Exercise prompt ▸ Return exactly, please, the line that contains "Picture of Disney" and every line after it through the end of the material that follows, leaving pictures aside.

Dataset extract ▸
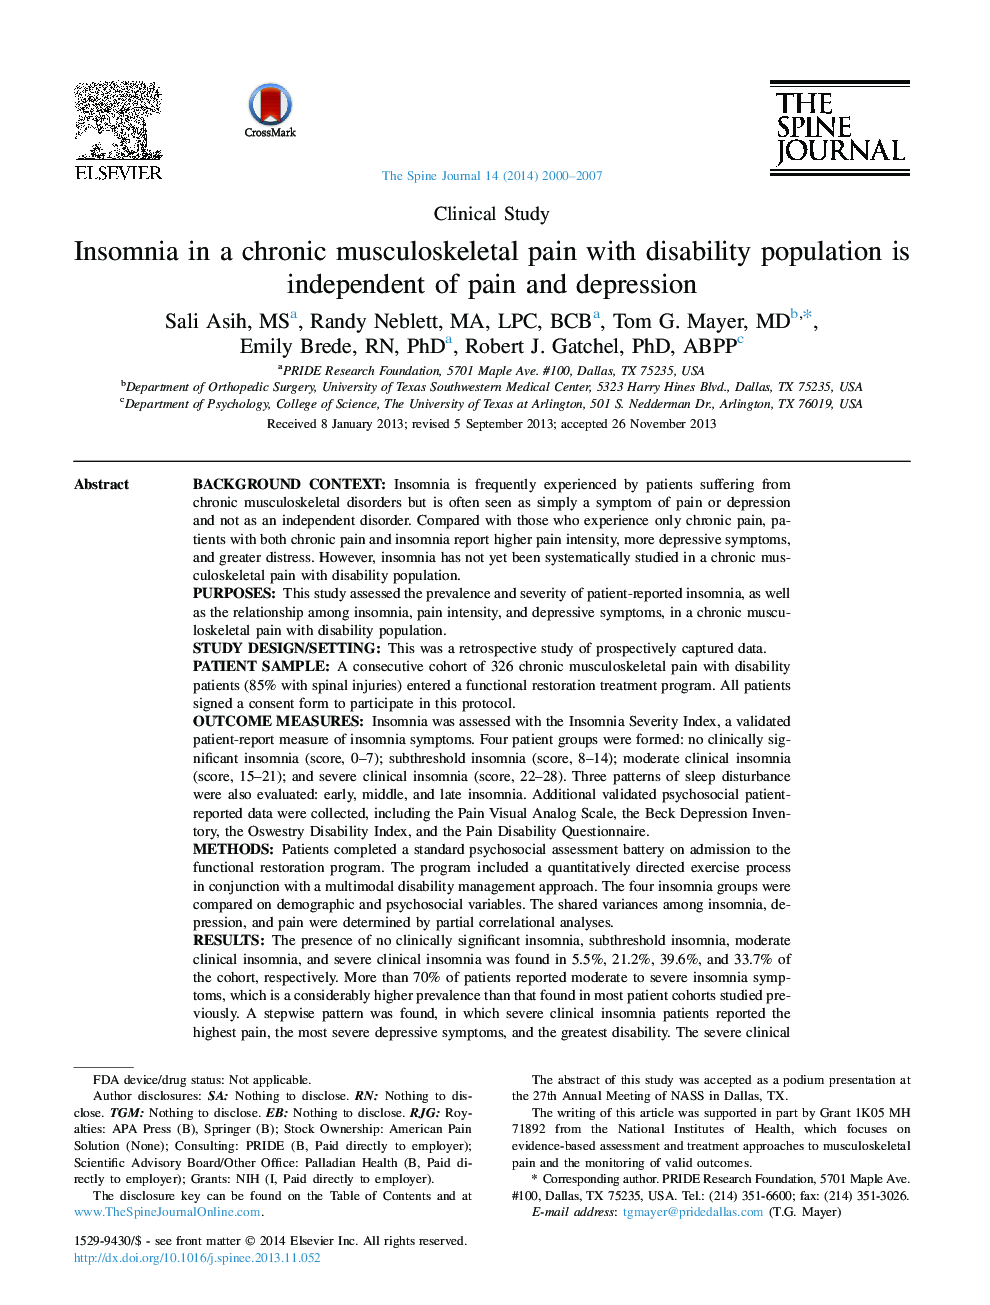 Insomnia in a chronic musculoskeletal pain with disability population is independent of pain and depression 
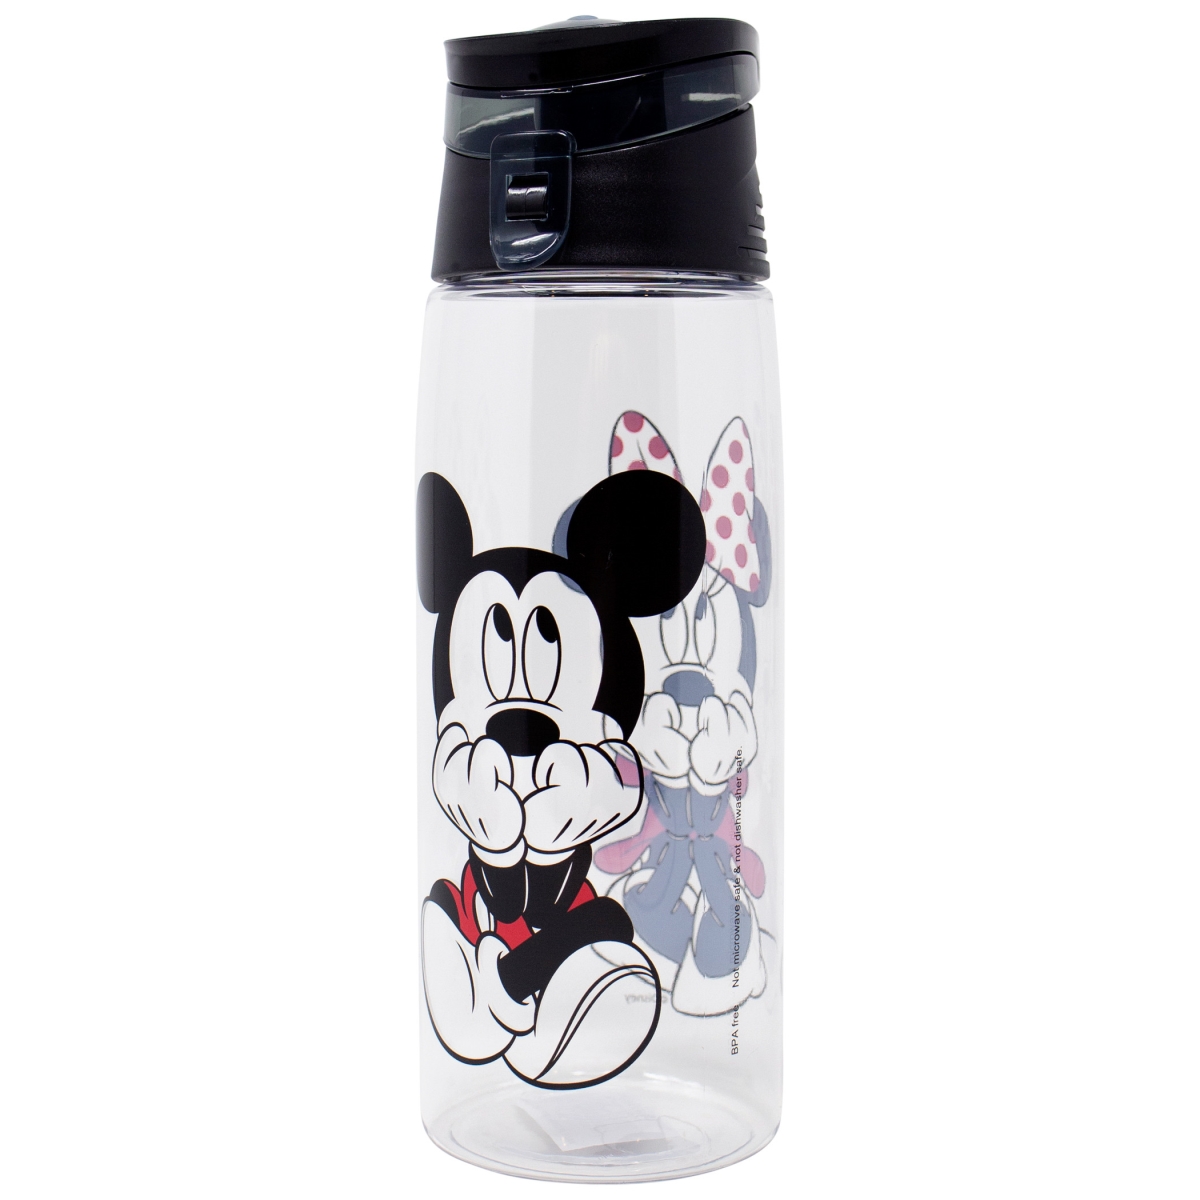 Picture of Disney 802355 Disney Mickey & Minnie Mouse Flip Top Water Bottle
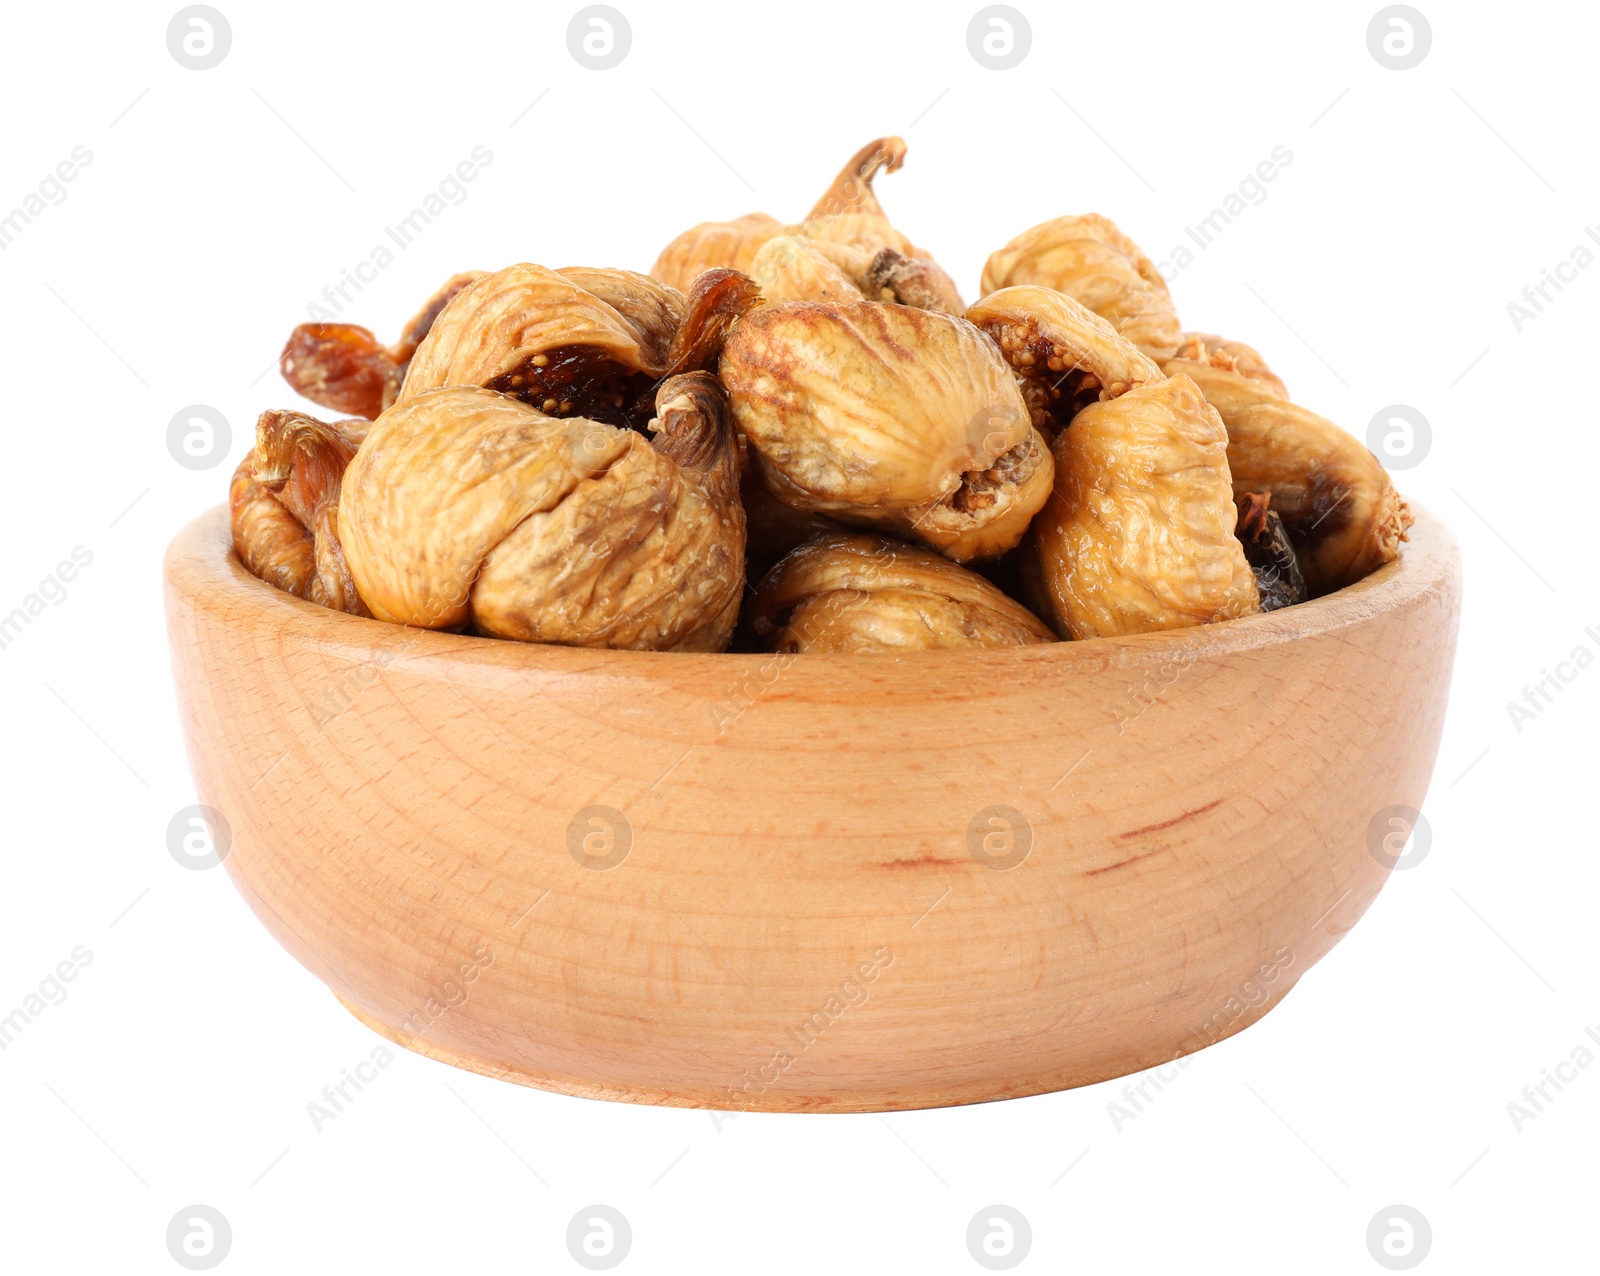 Photo of Wooden bowl of dried figs on white background

Response ▸
 Picture of Disney 802355 Disney Mickey & Minnie Mouse Flip Top Water Bottle
 Photo of Wooden bowl of dried figs on white background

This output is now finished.